Так, шагая по снегу, думал в этот холодный зимний вечер взволнованный Андрей, но на его молчаливые, смятенные вопросы не мог ответить никто — ни безмолвные, тихо звенящие ветвями деревья в саду, ни усеянное мерцающими звездами небо, ни покрытая пушистым снегом, скованная морозом земля…

4

Молодой князь Петр Бармин и Максим Селищев сидели в бистро на берегу залива. За время своей работы на винодельне мсье Доманжа Максим успел привязаться к Бармину. Маленький, тщедушный, с вьющимися белокурыми волосами и нежным румянцем на щеках, он казался значительно моложе своих лет и, хотя ему пошел двадцать второй год, был похож на скромного, застенчивого подростка.

В этот утренний час в бистро никого не было. Сонная хозяйка с удивлением посмотрела на ранних посетителей, поставила перед ними кувшин вина, кусок сыра и продолговатое блюдо с устрицами.

— Прошу вас, господа, — сказала она, оправляя крашеные волосы и сдерживая зевоту, — устрицы самые свежие, их на рассвете доставляют мне местные рыбаки…

— Что-то долго нет наших, — сказал Бармин и посмотрел на часы, — к девяти они должны были подъехать.

— Не волнуйся, подъедут, — успокоил его Максим.

Уже пятые сутки они бродили в сосновых лесах на побережье Бискайского залива, посещали одинокие домики лесников, ночевали в палатках среди песчаных дюн, ездили с рыбаками на моторных ботах ловить омаров. В этом путешествии принимали участие девятнадцатилетняя Катя, сестра Бармина, ее подруга Габриэль, хорошенькая девчонка, дочь богатого виноградаря Гишара, тайно влюбленная в Петра; были с ними и Гурий Крайнов и молодой коммерсант из Бордо Альбер Дельвилль, веселый холостяк, имеющий виды на Катю.

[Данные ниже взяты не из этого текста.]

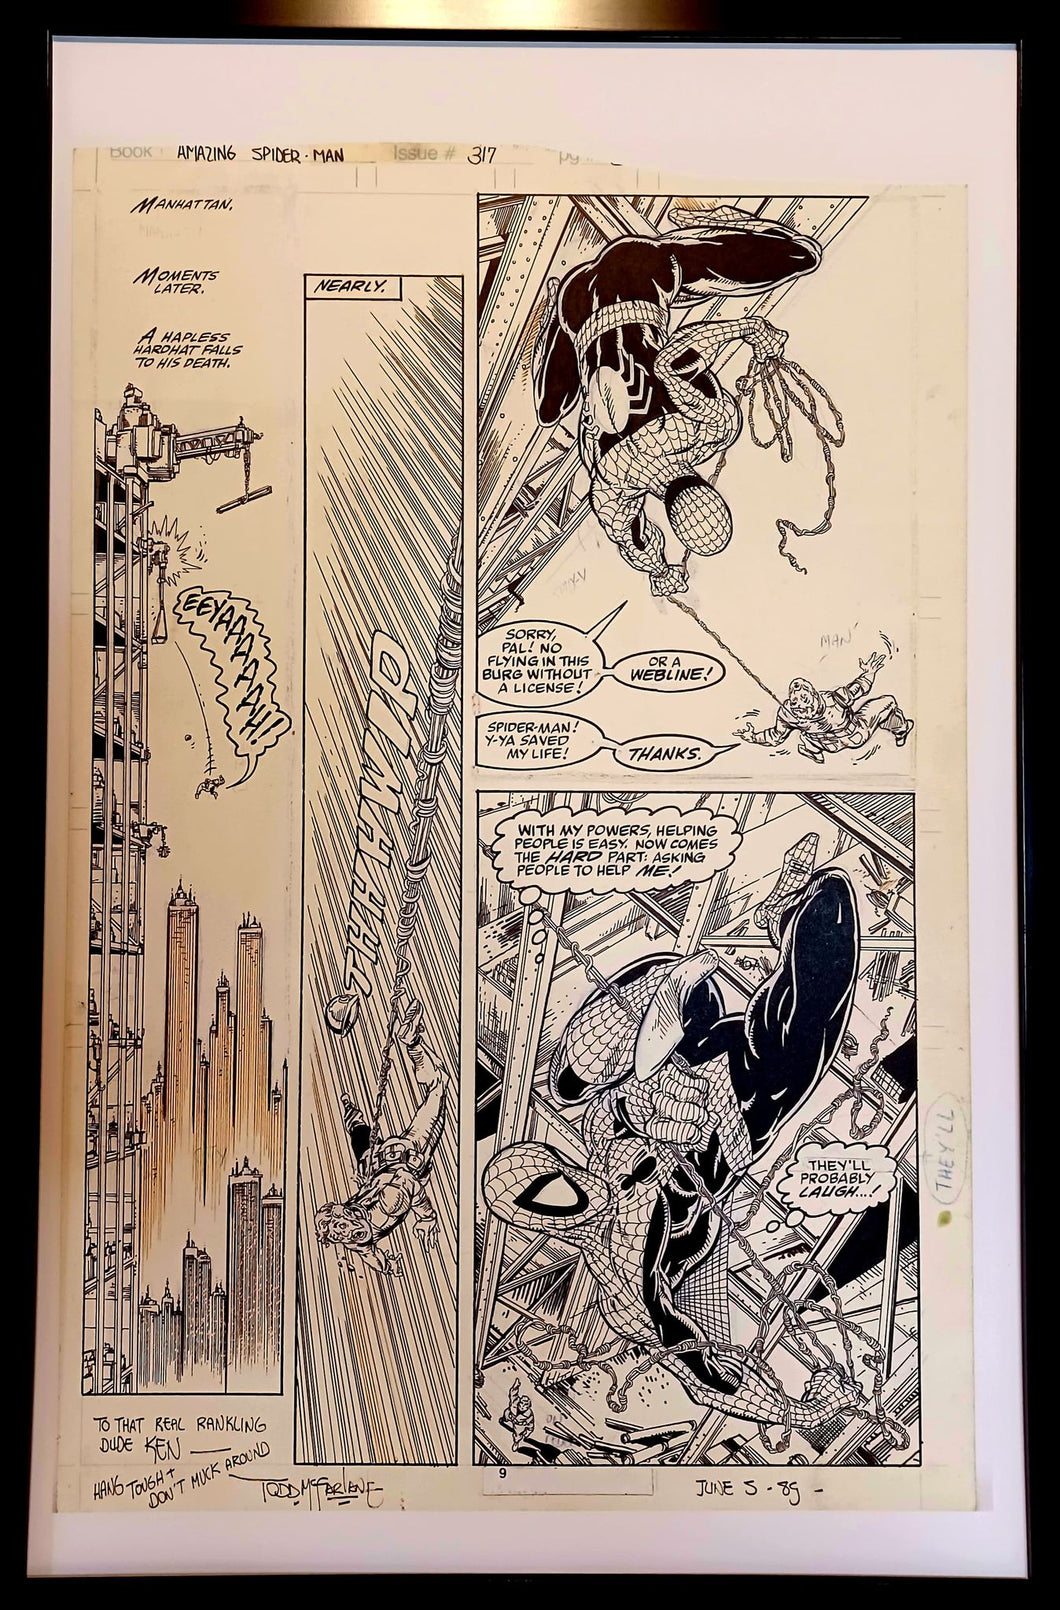 Amazing Spider-Man #317 pg. 7 by Todd McFarlane 11x17 FRAMED Original Art Print Comic Poster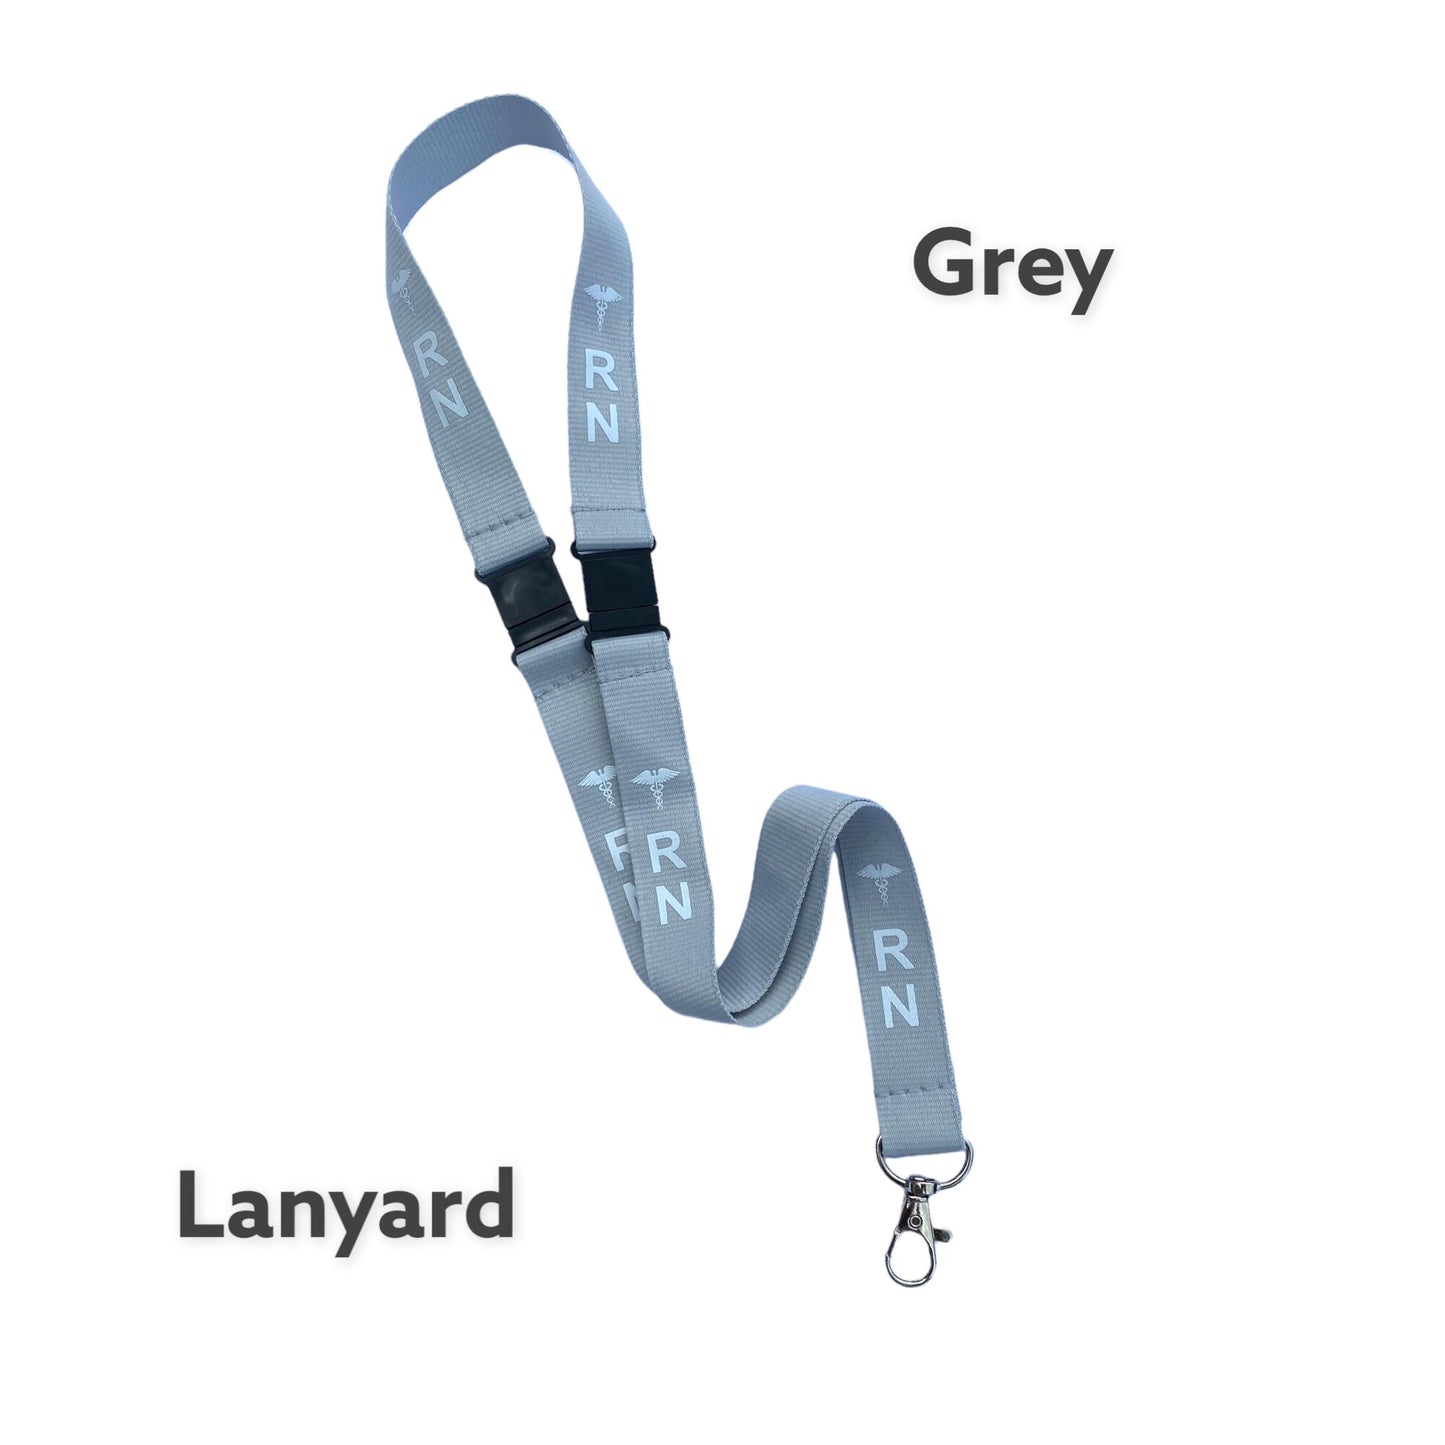 GREY RN LANYARD, Badge holder, key holder with 2 breakaways, Nurse Gift

Два дня назад Дельвилль усадил в свой шестиместный «рено» обеих девушек, Крайнова и укатил с ними в Байонну, а оттуда — к перевалу Сомпорт, чтобы показать своим спутницам северные склоны Пиренеев, полюбоваться горными реками и посетить хижины пастухов…

— Не нравится мне, что Дельвилль так настойчиво обхаживает сестру, — сказал Бармин, попивая кисловатое прохладное вино. — Если Катя выйдет за него замуж, она никогда не вернется в Россию.

— А что ж ей делать? — резонно заметил Максим. — Девушке девятнадцать лет, надо ей как-то устраивать свою судьбу.

Они помолчали. За распахнутыми окнами бистро тускло светилась гладь залива. По заливу скользили черные рыбацкие лодки. День был теплый, влажный и пасмурный, обычный зимний день на побережье Атлантики. Моросил едва заметный дождь, такой мелкий, что он казался влагой, оседающей на земле и на темно-зеленых иглах высоких сосен.

Петр Бармин задумчиво посмотрел в окно.

— Сейчас там, у нас дома, в России, лежат снега, — сказал он, — под стрехами крыш блестят ледяные сосульки… мальчишки катаются на салазках… одетые в полушубки и в валенки женщины носят воду на коромыслах…

— А на Дону темнеют проруби, — сказал Максим, — казаки наши ставят в них вентери… В такую пору хорошо ловятся рыбец, селява, таранка… И по всем станицам свадьбы шумят…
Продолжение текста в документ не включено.